The loss function is the mean squared error, MSE, \[\bar{\cal L}(\theta) = \frac{1}{n} \sum_{i=1}^n \{y_i - f(x_i;\theta)\}^2.\] The optimal parameter under this loss is called the Ordinary Least Squares, OLS, \[\hat{\theta} = \arg\min_{\theta} \frac{1}{n} \sum_{i=1}^n \{y_i - f(x_i;\theta)\}^2.\]

The OLS

To find the OLS, the algorithm is exact and the final solution can be explicitly computed with the matrix-operation \[\hat{\theta} = (X^TX)^{-1} X^T y,\] where

  • \(X\) is the so-called design matrix of size \(n\times (p+1)\) and whose \(i\)-th row contains \[[1,x_{i1},\ldots,x_{ip}],\]

  • \(y\) is the vector of length \(n\) whose \(i\)-th element is \(y_i\).

Logistic regression

Logistic regression

The logistic regression is a model for binary classification. Prediction formula is in several steps:

  • Compute the linear predictor \[z(x;\theta) = \theta_0 + \theta_1 x_{1} + \cdots + \theta_p x_{p},\]

  • Compute the probability prediction (sigmoid function): \[p(x;\theta) = P(Y=1 | X=x) = \frac{\exp\{z(x;\theta)\}}{1+\exp\{z(x;\theta)\}}.\]

  • Compute the prediction of the class: \[f(x;\theta) = \left\{ \begin{array}{ll} 1, & \mbox{if } p\geq 0.5,\\ 0, & \mbox{if } p < 0.5. \end{array} \right.\]

The sigmoid and the logit function

The logit function is the inverse of the sigmoid function and thus transforms \(p(x;\theta)\) to \(z(x;\theta)\). \[z(x;\theta) = \log \frac{p(x;\theta)}{1-p(x;\theta)}\]

The loss function uses the probabilities \(p(x;\theta)\) and not the final predictions.
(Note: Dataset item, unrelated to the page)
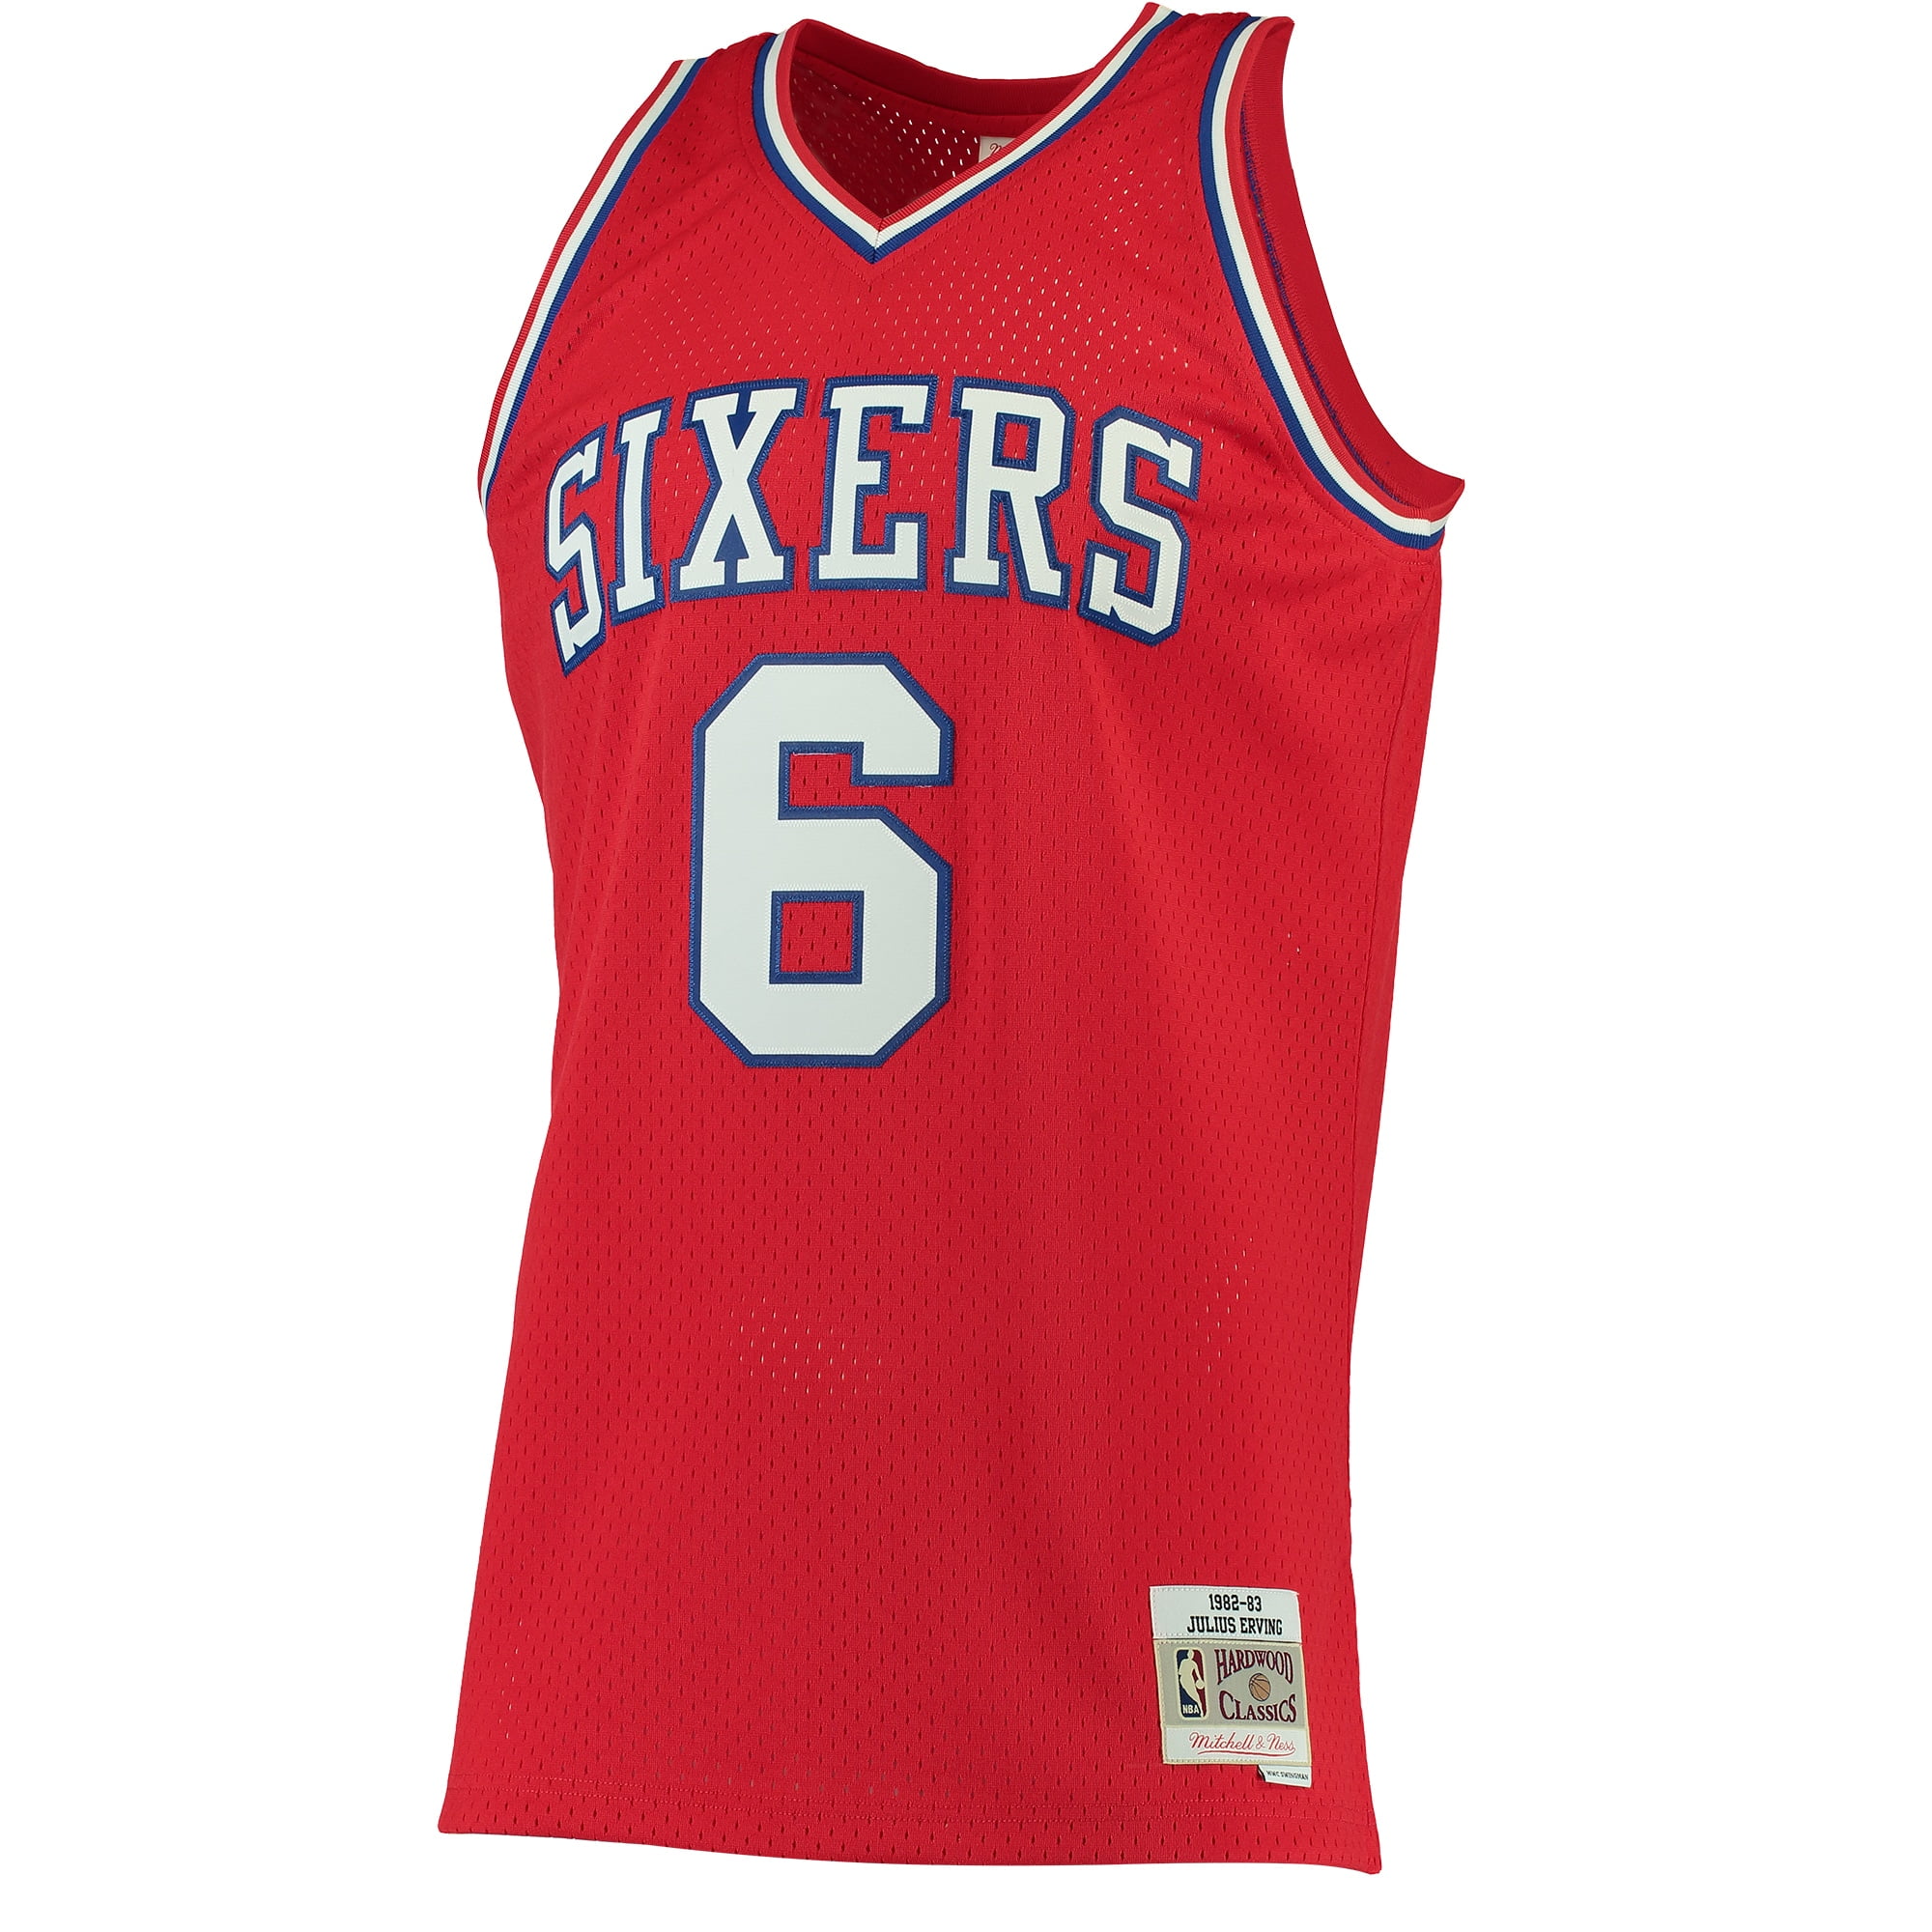 Julius Erving Autographed & Inscribed 1980 NBA All-Star Game Authentic  Mitchell & Ness Jersey

The loss is the cross-entropy also called negative log-likelihood: \[{\cal L}(y,p) = -y \log p - (1-y) \log (1-p).\] Interpretation,

  • If \(y=1\), we want \(p\) to be large (close to 1). The loss is \[{\cal L}(1,p) = - \log p\] It will be small indeed if \(p\) is large.

  • If \(y=0\), we want \(p\) to be small (close to 0). The loss is \[{\cal L}(0,p) = - \log (1-p)\] It will be small indeed if \(p\) is small.

Estimation

The overall loss is \[\bar{{\cal L}}(\theta) = -\frac{1}{n} \sum_{i=1}^n y_i \log p(x_i;\theta) + (1-y_i) \log \{1-p(x_i;\theta)\}.\] The \(\log\) in this formula can be in any base. Often,

  • Machine learners use \(\log_2\),

  • Statisticians use \(\ln\).

This has absolutely no consequence on the final result (all \(\log\) are equivalent here). But it can bring confusion from time to time.

Optimal parameters

To obtain the optimal parameters, the best algorithm is the Newton-Raphson algorithm. It requires

  • To compute the first and second derivatives of \(\bar{\cal L}(\theta)\),

  • To build a sequence of \(\hat{\theta}_k\) that converges to the optimal one using these derivatives.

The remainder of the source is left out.